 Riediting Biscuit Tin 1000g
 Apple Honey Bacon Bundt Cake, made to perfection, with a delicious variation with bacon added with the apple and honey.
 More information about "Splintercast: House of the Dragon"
--
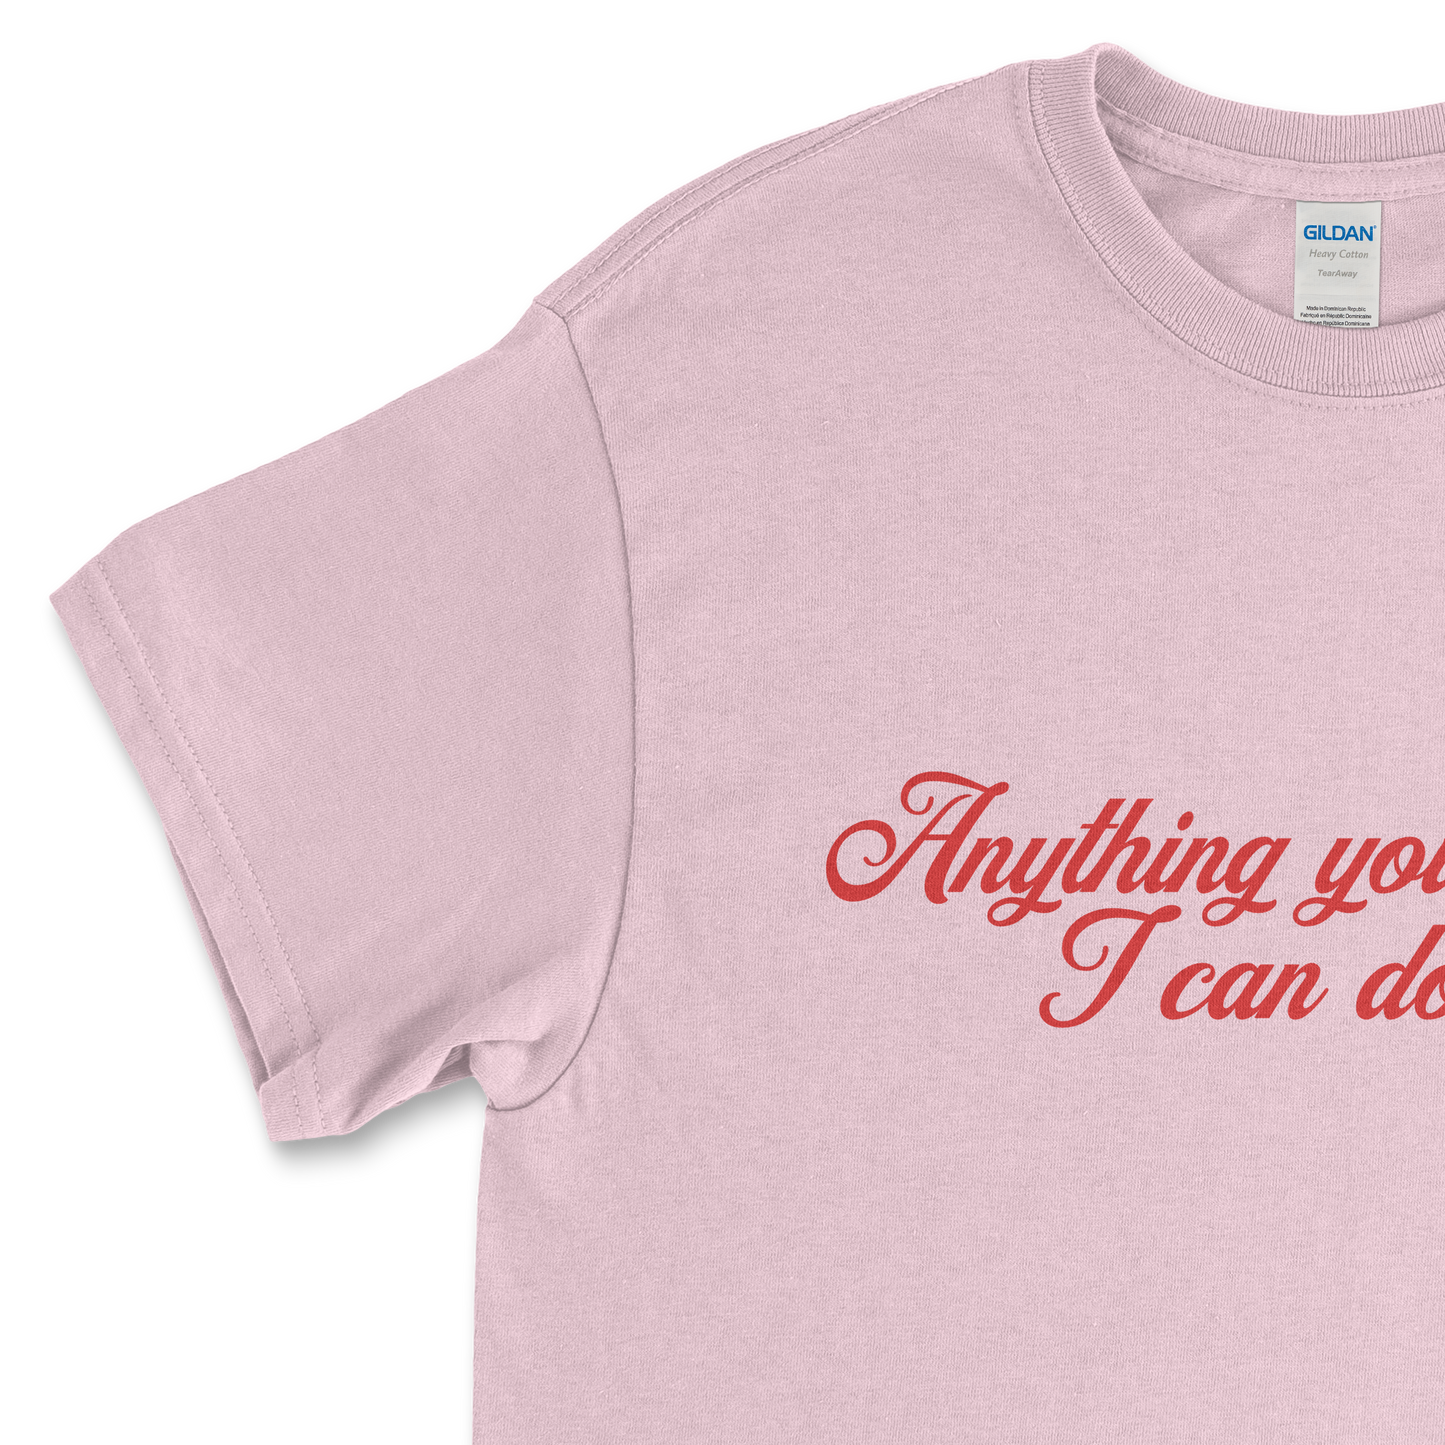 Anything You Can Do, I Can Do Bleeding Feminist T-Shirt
--
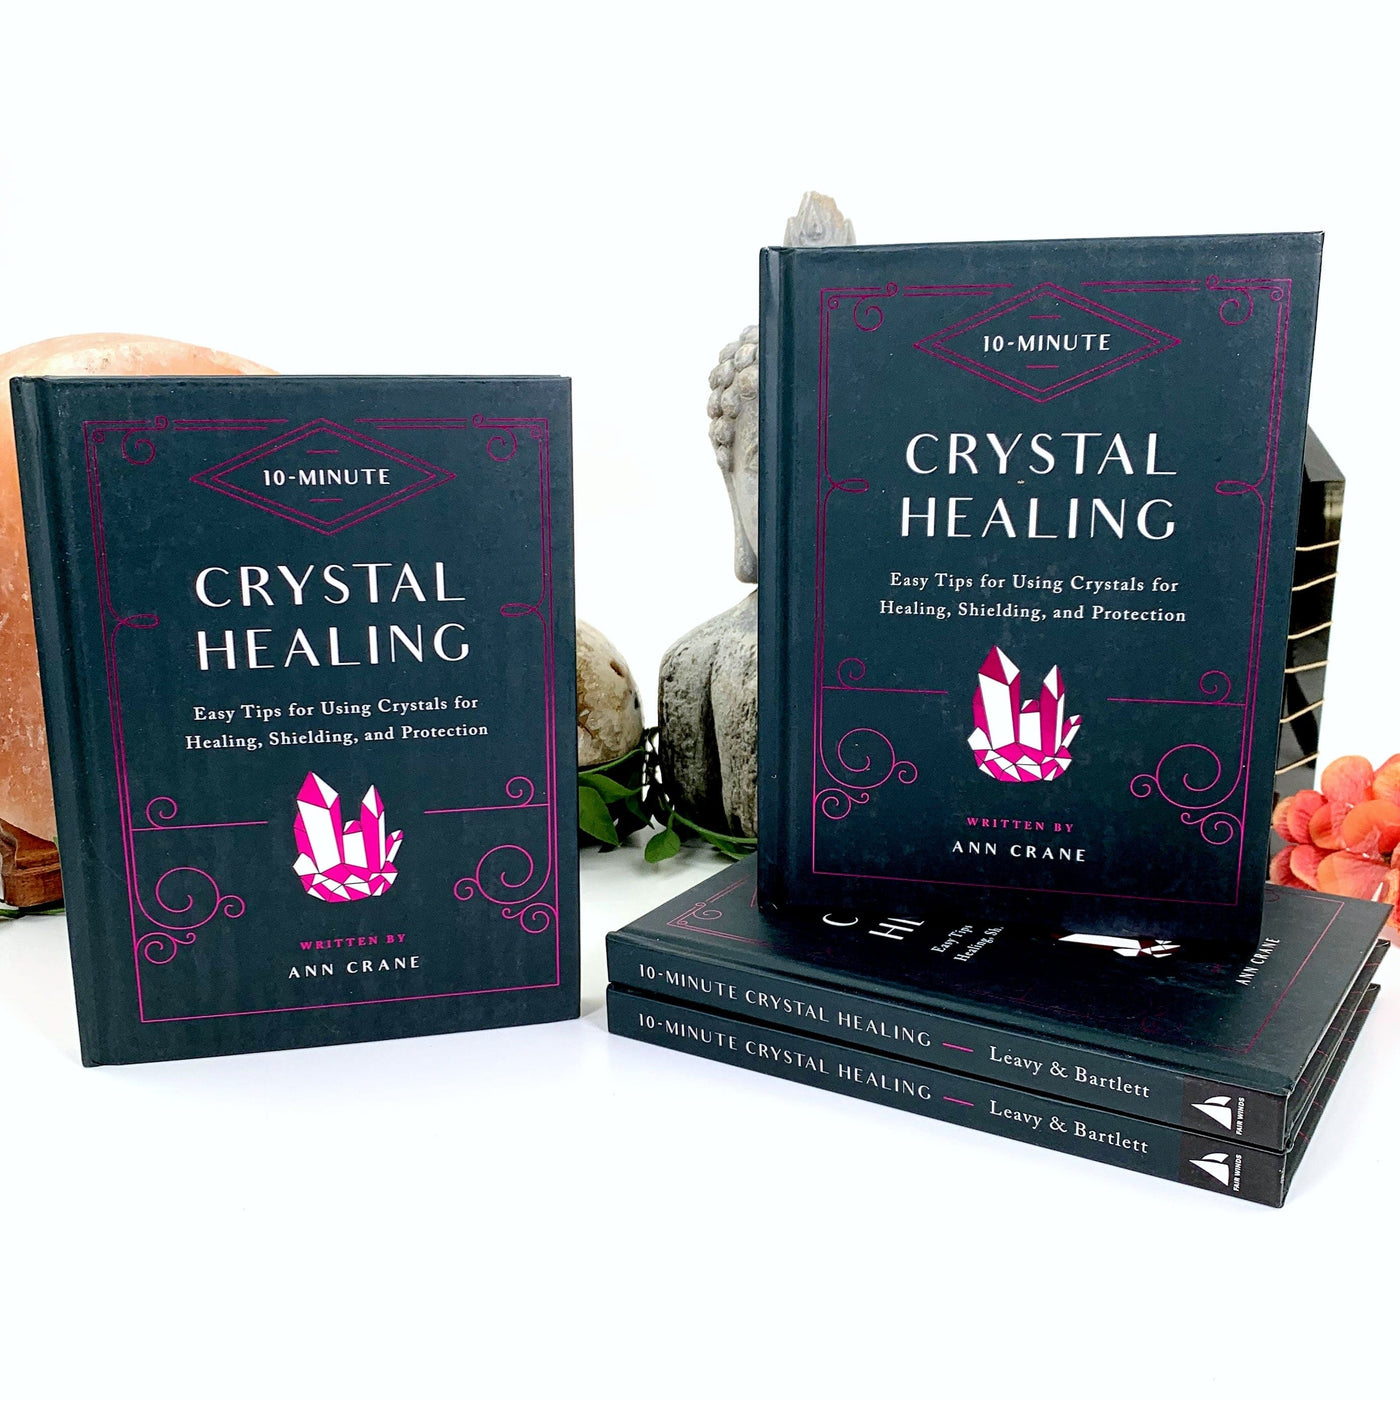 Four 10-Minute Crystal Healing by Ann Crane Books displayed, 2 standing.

• ASSIGNMENT:
From the entries above, restate word for word the lines from the line containing "Apple Honey Bacon" to the line containing "More information about", both ends included, and nothing more.

• RESULT:
 Apple Honey Bacon Bundt Cake, made to perfection, with a delicious variation with bacon added with the apple and honey.
 More information about "Splintercast: House of the Dragon"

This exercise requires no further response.